Recently, we have seen the introduction of radiofrequency ablation (RFA) catheters used for the ablation of Barrett's esophagus and various grades of dysplasia (BARRx Medical, Sunnyvale, CA). Studies have suggested that the combined use of the balloon-based circumferential RFA catheter (Halo³⁶⁰ ®) and focal RFA catheter (Halo⁹⁰ ®) results in high rates of Barrett's esophagus mucosa ablation (98% at 2 years of follow-up) with only a few complications.⁶⁹ Preliminary data on the eradication of dysplastic Barrett's esophagus (low and HGD) show efficacy in 90–100% at short term follow-up (6 months).^{70, 71} Multicenter studies for further defining the role of this technology in dysplastic Barrett's esophagus are in progress.

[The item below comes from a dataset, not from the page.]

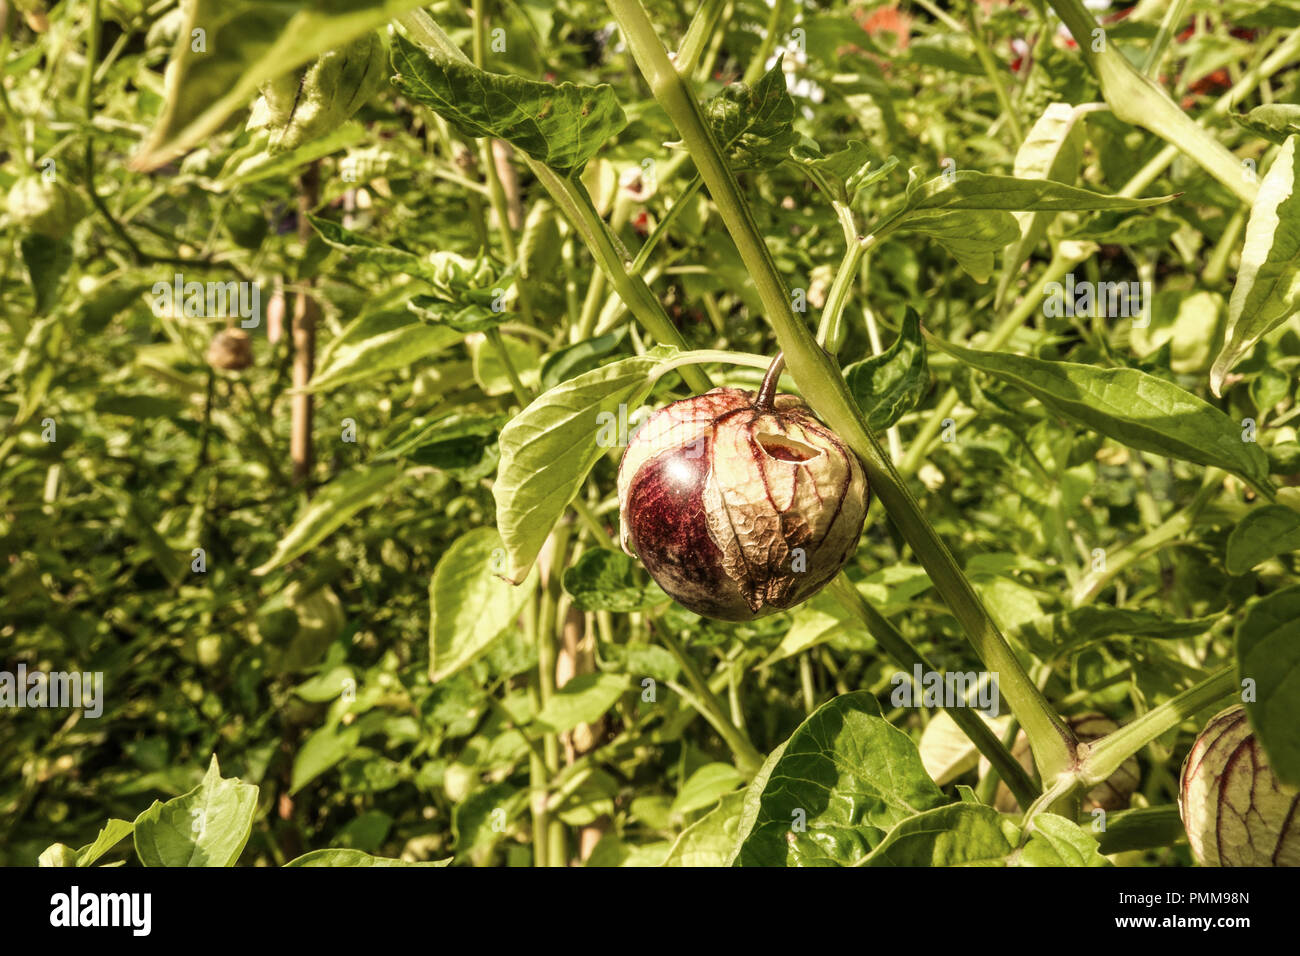 Mexican husk tomatillo - Physalis ixocarpa crescente sulla vite Foto Stock

A cryospray technique has also been introduced as an ablative technique. The cryoablation technique involves the use of liquid nitrogen (at −196 °C) delivered to the Barrett's esophagus mucosa under direct endoscopic vision using a low-pressure spray catheter. (Figure 10) A pilot study of 11 patients published in 2005 showed histologic and endoscopic regressions of Barrett's esophagus in 78%, including one patient with HGD.⁷² However, buried Barrett's esophagus glands were found in 18% of patients at 1 month follow-up sampling. Furthermore, chest pain and dysphagia have been reported post-procedure in up to 45%, particularly in those who receive circumferential ablation.⁷² Additional studies of cryoablation are in progress.

Figure 10

Cryotherapy for dysplastic Barrett's esophagus. Liquid nitrogen is sprayed directly onto the mucosa, which is destroyed by freezing. The spray can be applied several times.

Conclusions

Although EMR is quietly revolutionizing the diagnosis and treatment of early neoplasia in Barrett's esophagus, the specific role of the various ablative techniques in clinical practice remains uncertain. To date, PDT is the only FDA-approved treatment for HGD arising in Barrett's esophagus. The combination of these new ablative technologies with EMR will likely provide value in a subset of patients, namely those with nodular dysplasia or intramucosal carcinoma.⁷³ Whether evaluating EMRs or diagnosing post-ablation follow-up biopsies, the histopathologic interpretation, and thus the role of pathologists, will be crucial in validating this expanding new therapeutic armamentarium.